Long Term Compounding

compound-interest

Compound interest is interest paid on the initial principal as well as the accumulated interest on money you have invested.  Here is a brief example highlighting the power of investing just $2.74 a day ($1,000 a year) for a new born baby.

Scenario:

Time passes quickly – recently we found ourselves celebrating the 21st birthday of our youngest child.  It only seemed such a short time ago we had three children under four – now they are ages 21, 23 and 24.

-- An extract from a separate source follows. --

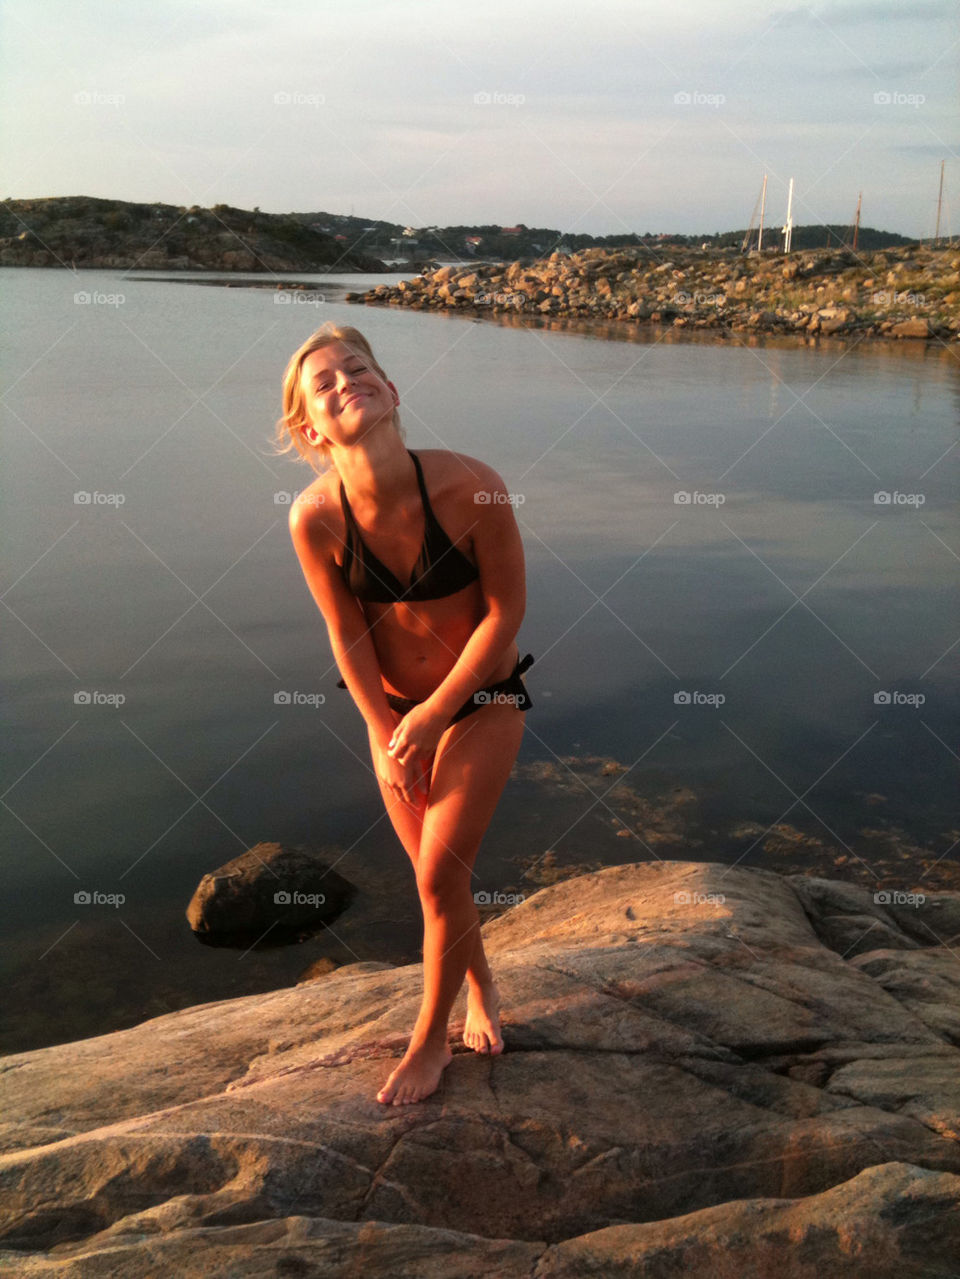 ocean sweden girl happy by annabillger

Yes, it’s a great concept but, unfortunately, like most people, I never “got around” to starting.  However, being one who likes to ponder on what might have been, I did some calculations to find out

  • The eldest, now aged 24, would have $164,000
  • The second would have $122,000
  • The youngest who just turned 21, would have $89,000

Because the youngest is four years younger than the eldest, her theoretical portfolio would have been worth about half as much as his, because the length of time of her investment would have been four years shorter.

It encouraged me to do more calculations.  If we made no more contributions to the eldest son’s $164,000 portfolio, it would grow to $8.8 million at age 64 if the investment could average 10% per annum.

That’s a return of $8.8 million for a total investment of $24,000 (24 x $1,000).

Now think about someone who is reading this, who is aged 24, and becomes sold on the idea of having a portfolio worth $8.8 million in 40 years’ time.  Because they are starting from scratch they have to invest $1,380 a month ($16,560 a year) to reach their target of $8.8 million.

Yes, the person who put away $1,000 a year from birth and then stopped at age 24 outlays only $24,000 for a return of $8.8 million.  The one who delays the program and then starts at 24 has to find a staggering $662,400 to end up in the same place.  This is the cost of delay.